Deep Learning based Wireless Resource Allocation-2020年1月17日上午10:00-无线谷4409会议室
发布人: 王瀚颖   发布时间: 2020-01-13    浏览次数:

Title: Deep Learning based Wireless Resource Allocation

  

Presenter: Geoffrey Ye Li, School of ECE, Georgia Tech

  

Abstract: Judicious resource allocation is critical to mitigating interference, improving network efficiency, and ultimately optimizing wireless network performance. The traditional wisdom is to explicitly formulate resource allocation as an optimization problem and then exploit mathematical programming to solve it to a certain level of optimality. However, as wireless networks become increasingly diverse and complex, such as high-mobility vehicular networks, the current design methodologies face significant challenges and thus call for rethinking of the traditional design philosophy. Meanwhile, deep learning represents a promising alternative due to its remarkable power to leverage data for problem solving. In this talk, I will present our research progress in deep learning based wireless resource allocation. Deep learning can help solve optimization problems for resource allocation or can be directly used for resource allocation. We will first present our research results in using deep learning to solve linear sum assignment problems (LSAP) and reduce the complexity of mixed integer non-linear programming (MINLP), and introduce graph embedding for wireless link scheduling.

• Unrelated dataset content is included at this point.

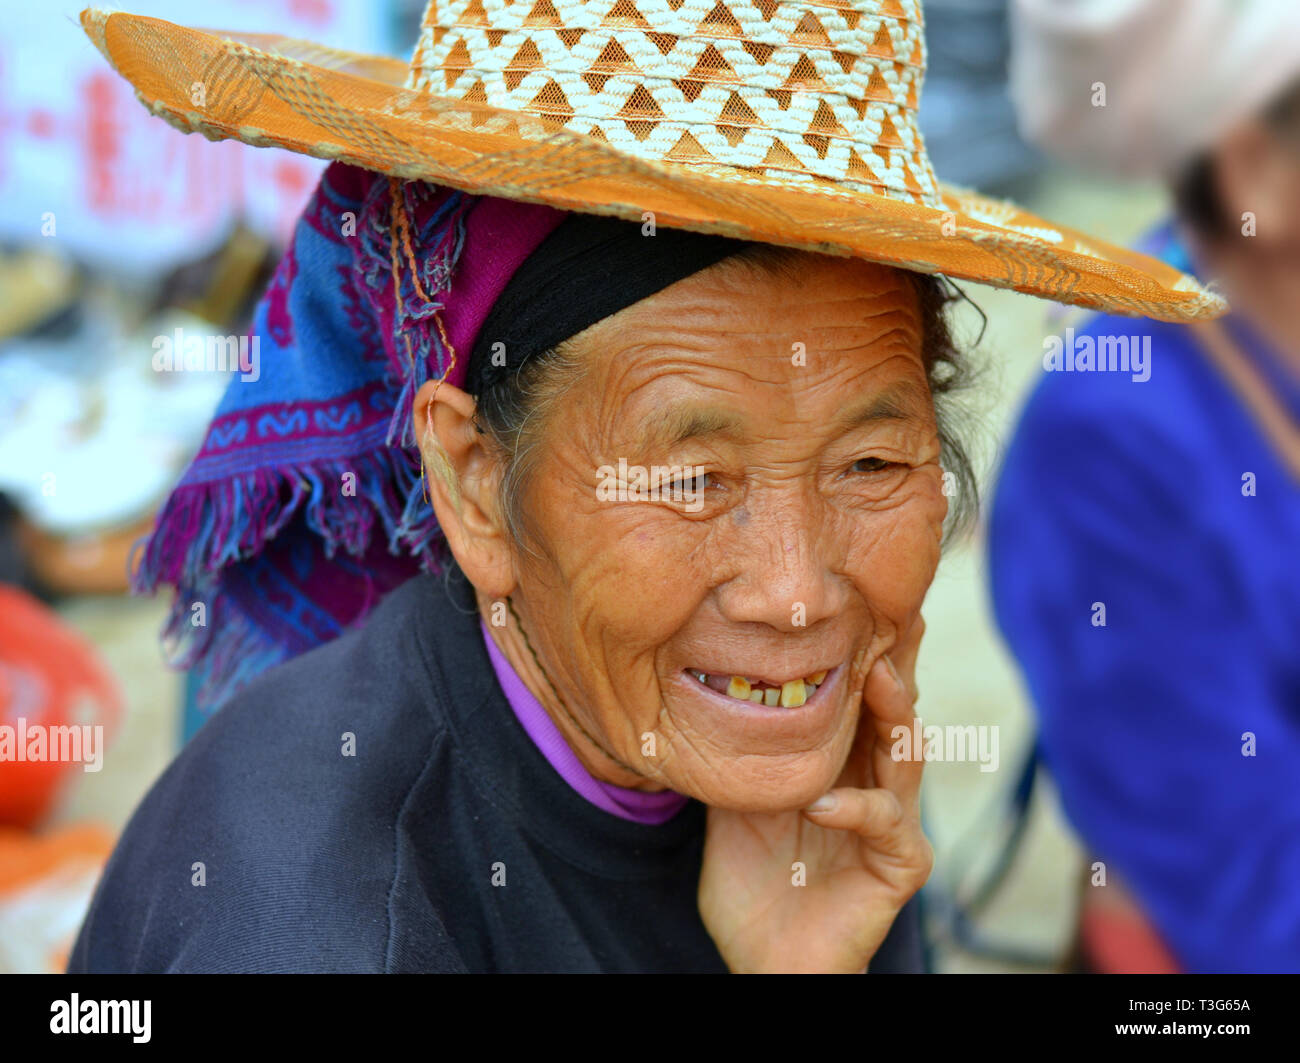 Alte Hani markt Frau (chinesische ethnische Minderheit) mit lebte - Gesicht trägt einen Strohhut über ihre blauen tribal Kopftuch. Stockfoto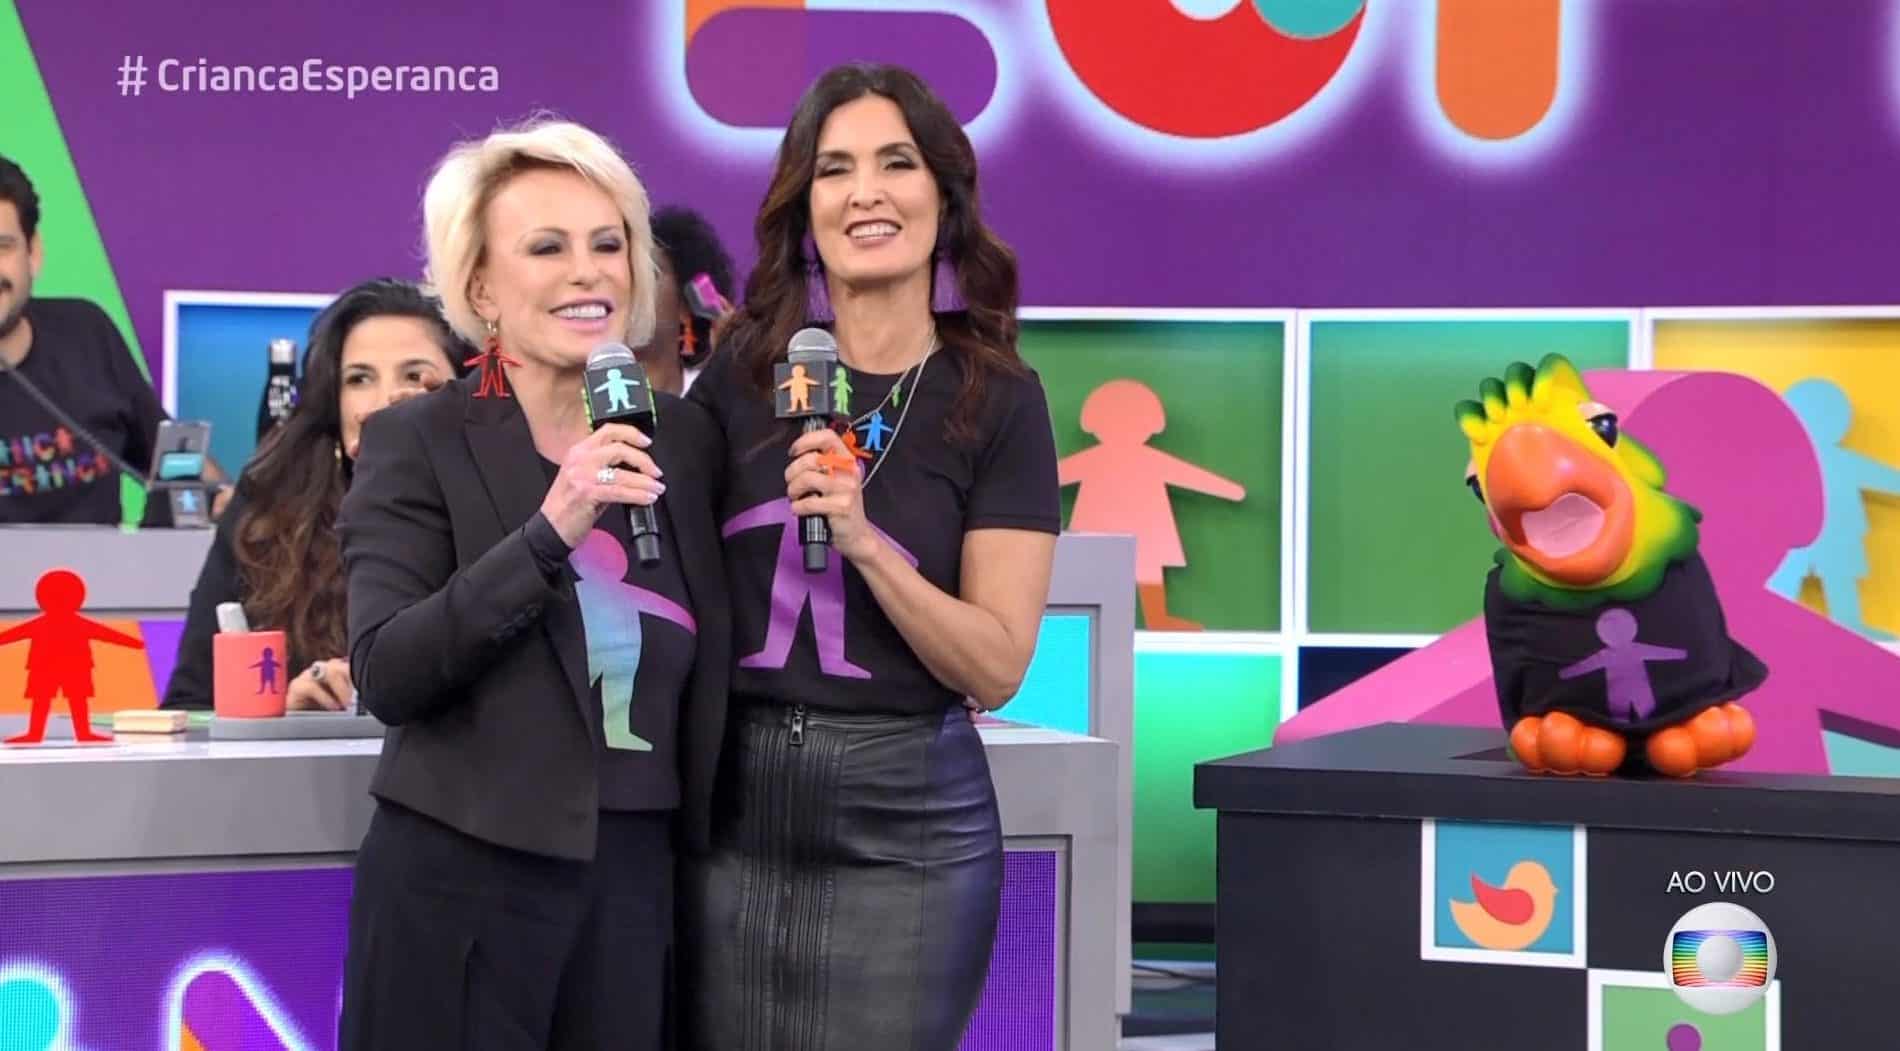 Sem doações do público, Globo apela às empresas para o Criança Esperança

We will then discuss how to use deep reinforcement learning directly for wireless resource allocation with application in vehicular networks.

  

  

Biography: Dr. Geoffrey Li is a Professor with the School of Electrical and Computer Engineering at Georgia Institute of Technology. He was with AT&T Labs – Research for five years before joining Georgia Tech in 2000. His general research interests include statistical signal processing and machine learning for wireless communications. In these areas, he has published around 500 referred journal and conference papers in addition to over 40 granted patents. His publications have cited by around 40,000 times and he has been listed as the World’s Most Influential Scientific Mind, also known as a Highly Cited Researcher, by Thomson Reuters almost every year since 2001. He has been an IEEE Fellow since 2006. He received 2010 IEEE ComSoc Stephen O. Rice Prize Paper Award, 2013 IEEE VTSJames Evans Avant Garde Award, 2014 IEEE VTS Jack Neubauer Memorial Award, 2017 IEEE ComSoc Award for Advances in Communication, 2017 IEEE SPS Donald G. Fink Overview Paper Award, and 2019 IEEE ComSoc Edwin Howard Armstrong Achievement Award.He also won the 2015Distinguished Faculty Achievement Award from the School of Electrical and Computer Engineering, Georgia Tech.